This collection bubbles along in great high spirits, kicking
off with a joyous suite from Noel Gay’s musical Me
and My Girl. The Gershwin influence is obvious and the tunes
will set toes a-tapping. Set in the London of the 1930s, the
show opened in the West End in 1937 and was revived in the 1980s.
Me and My Girl is best remembered for its tune, ‘The
Lambeth Walk’.
Eric Coates, known as ‘The Uncrowned King of Light Music’
was indelibly associated with London and the City inspired so
much of his music. Two of his London cameos from his first London
Suite are included: The stirring ‘Knightsbridge’

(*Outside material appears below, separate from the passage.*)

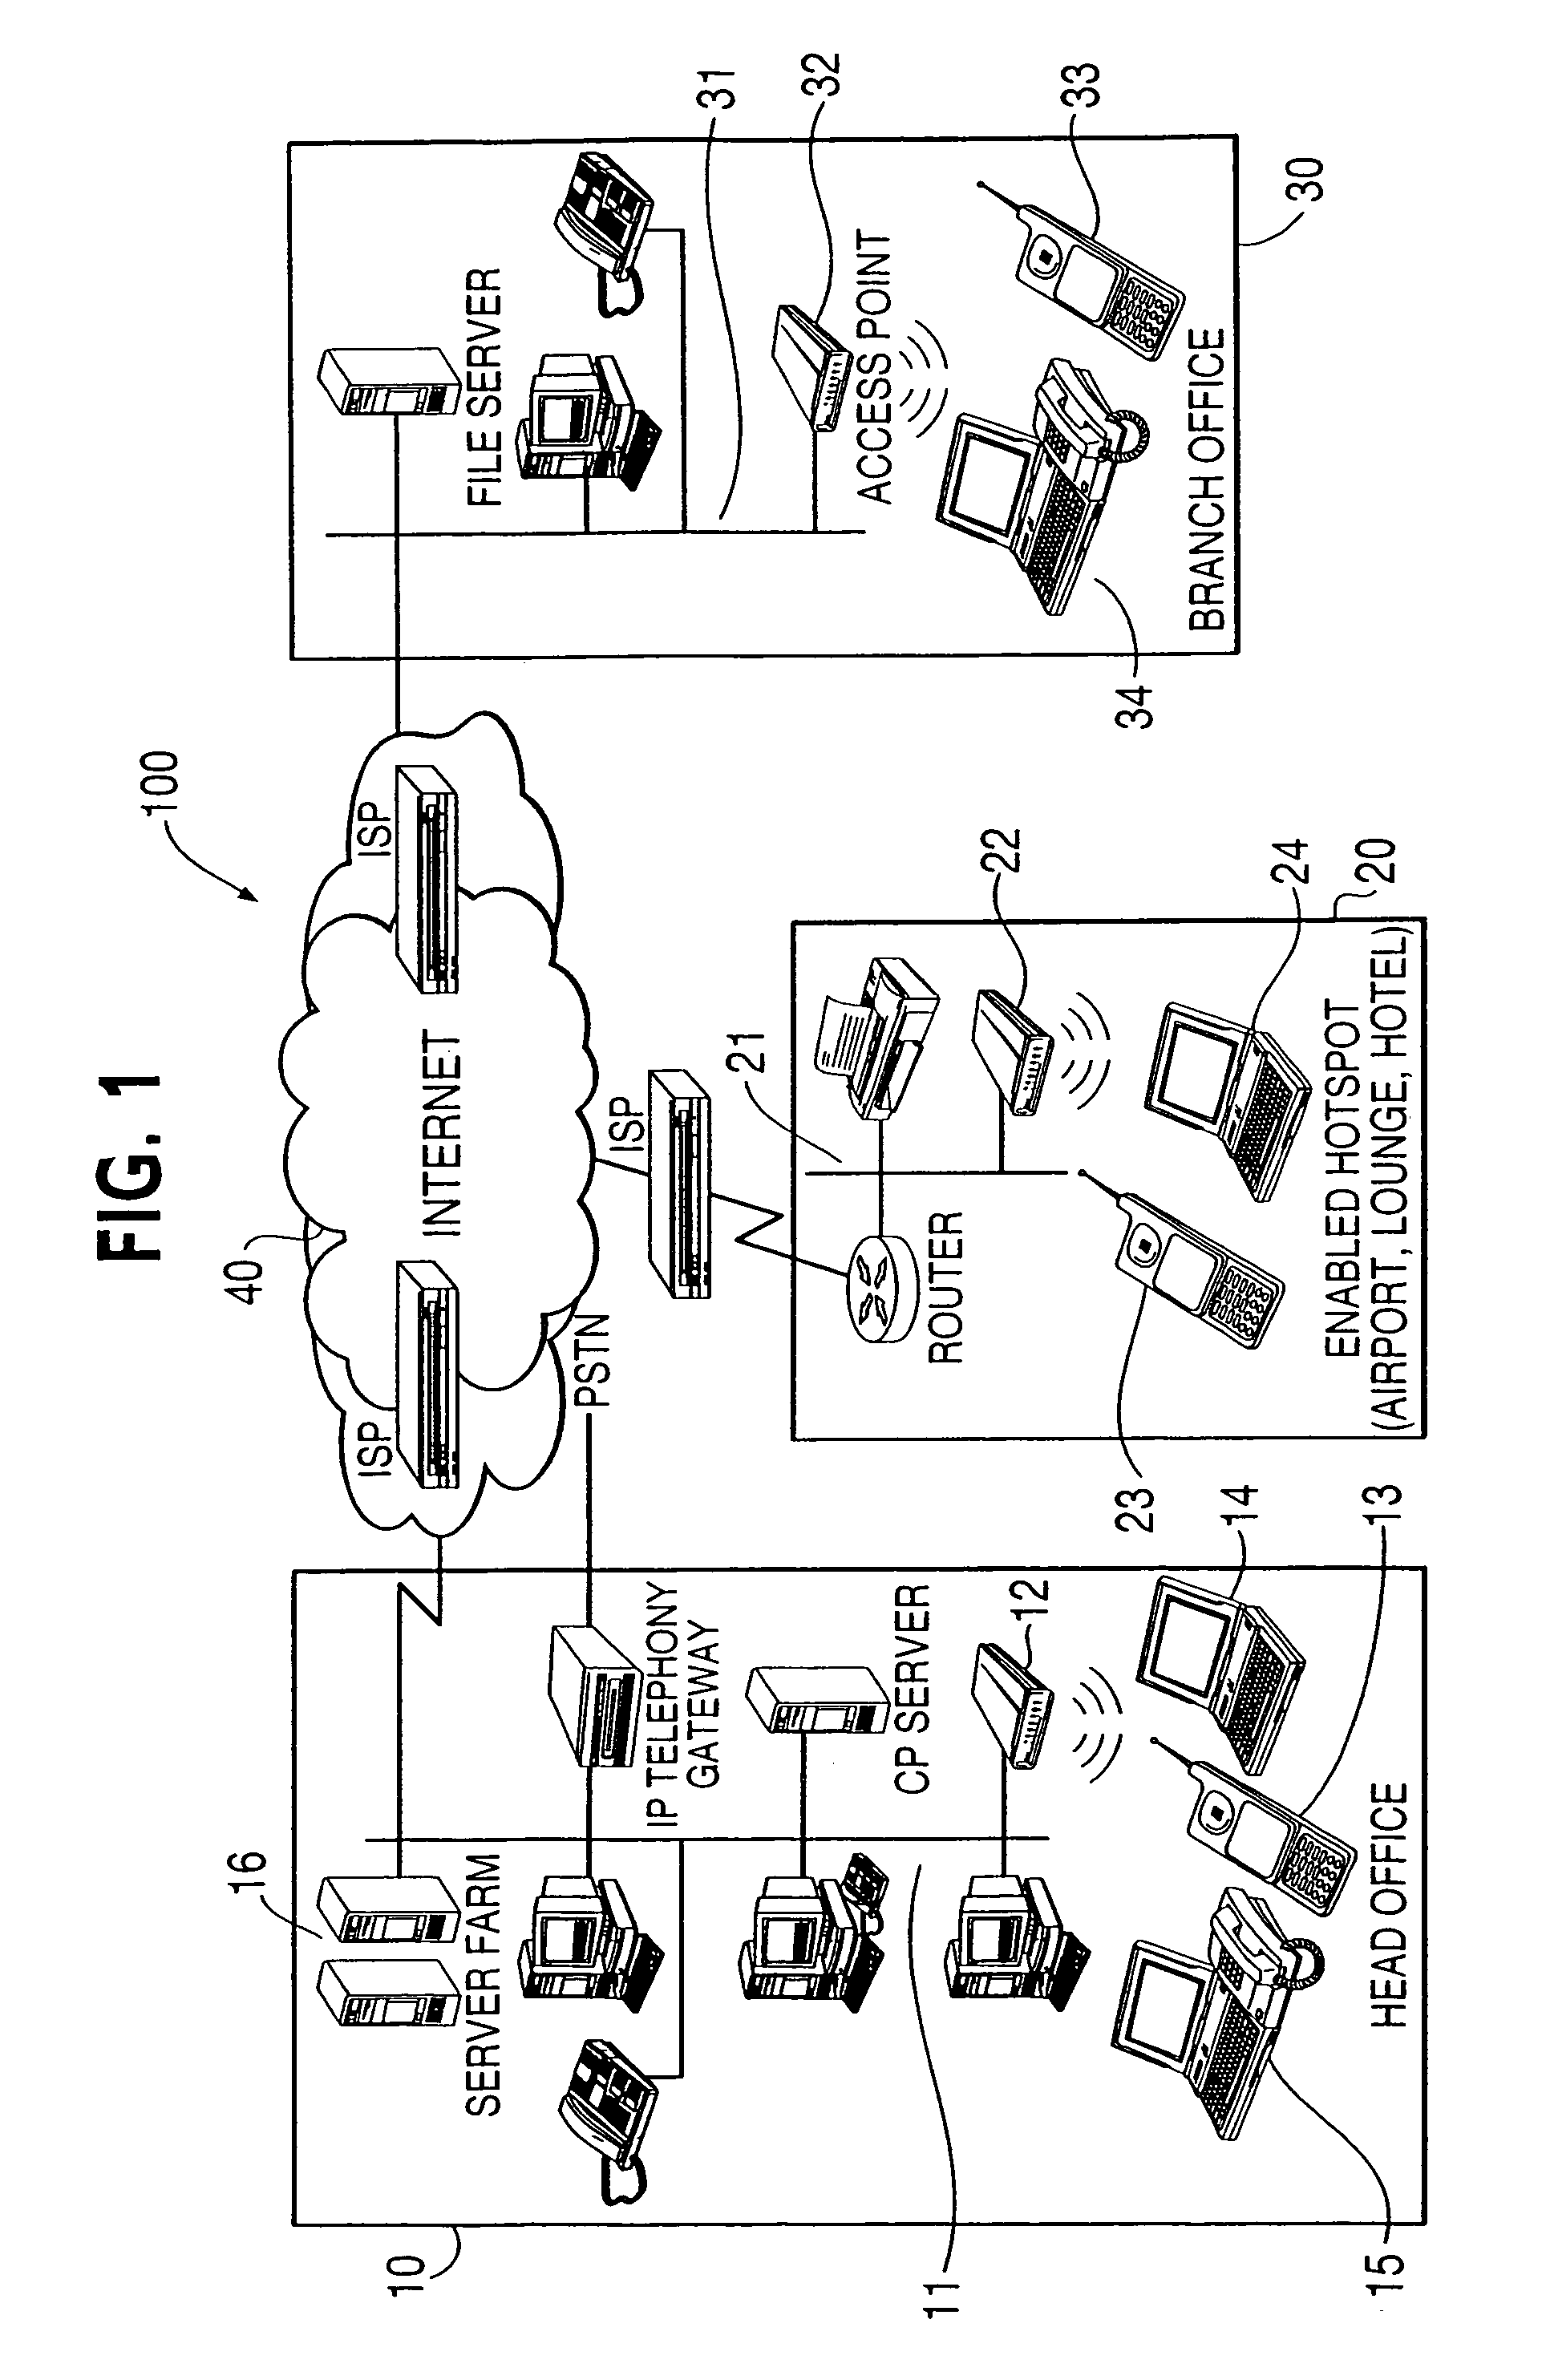 Method and system for making accessible wirelessly a network phonebook and journal database

March which introduced the very many In Town Tonight
programmes and the bustling ‘Covent Garden’ with
its haunting ‘Cherry Ripe’ motif. Both pieces are
taken at lively tempi just as Eric Coates, himself, would have
wished.
Another haunting melody associated with London’s Westminster
district is Robert Farnon’s Westminster Waltz with
Iain Sutherland’s reading, gaily romantic. So too is his
interpretation of Wally Stott’s cheery trot through Rotten
Row. Sir Arthur Sullivan’s Yeoman of the Guard
Overture receives all due pomp and ironic wit as the music reminds
us of the Tower of London.
Clive Richardson’s London Fantasia scored for piano
and orchestra has all the trimmings of the 1940s - the music
is meant to be reminiscent of the wartime Blitz - and is an
uninhibited romantic concoction influenced by Hollywood and
British war film scores such as those for Love Story
and Dangerous Moonlight (The Warsaw Concerto).
As an antidote we have a comic take-off of Stanley Holloway’s
cheeky ‘Get Me to the Church on Time’ from My
Fair Lady. Then serenity descends with Vaughan Williams’

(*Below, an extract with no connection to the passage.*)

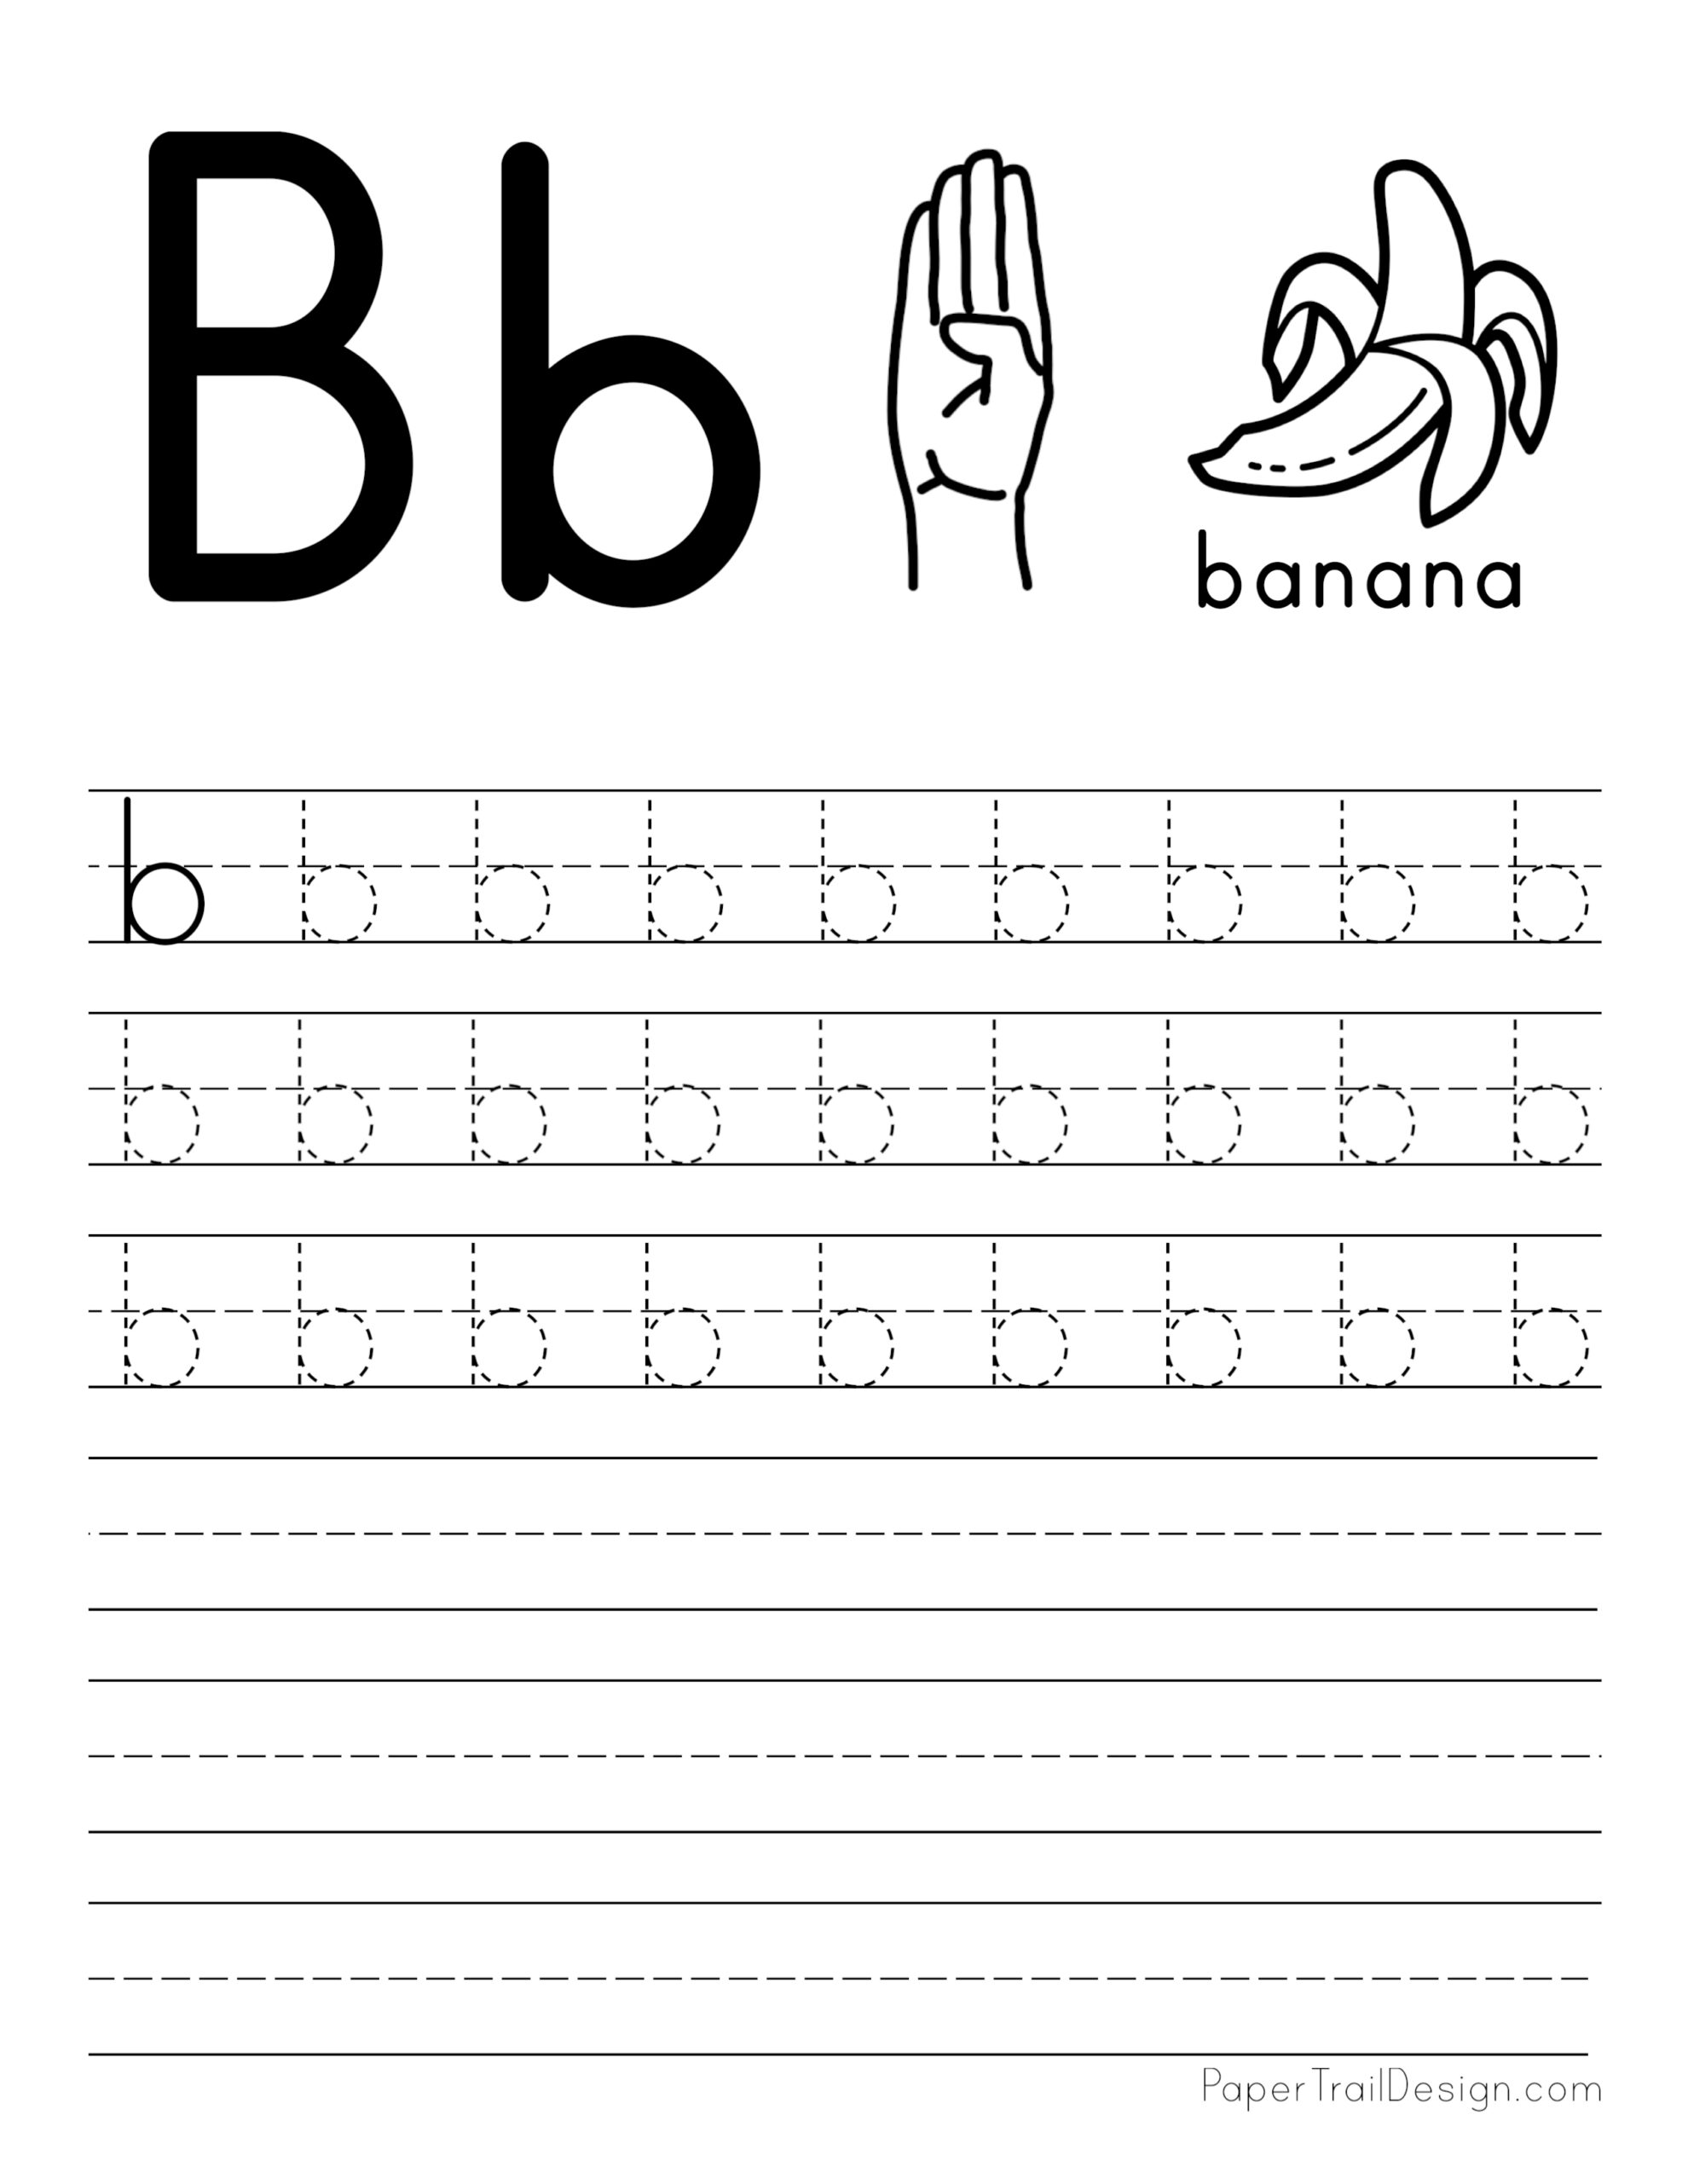 abcs-dashed-letters-alphabet-writing-practice-worksheet-student-handouts-free-printable

beautiful arrangement of the traditional air, Greensleeves.
Handel’s Water Music Prelude returns to the pomp
of the Royal Court.
Alan Abbott’s take on the old nursery tune London Bridge
is Falling Down bustles along cheerily until slower tempi
introduce a note of romantic nostalgia.
Sir Edward German’s light music has been unjustly neglected
until recent times and it is good to have a recording of his
sunny, vivacious and grandly patriotic Four Dances from Merrie
England. Welcome, too, are Roger Quilter’s sophisticated
Three English Dances. Charming and vivacious, these are
dances associated with happy Mayfair evenings.
Ronald Binge’s Elizabethan Serenade is probably
one of the best-known and best-loved pieces of light music and
the Philharmonic Concert Orchestra players clearly love its
intricate cross-rhythms. The concert closes with another Elizabethan
influence, Erich Wolfgang Korngold’s music for the Errol
Flynn 1940 swashbuckler The Sea Hawk. Here we have an
extended treatment of the film’s Main Title with
Iain Sutherland pulling out all the zestful and romantic stops.
A rousing performance this; to be compared well with any presently
on disc.
Sparkling performances of some of the cream of light music.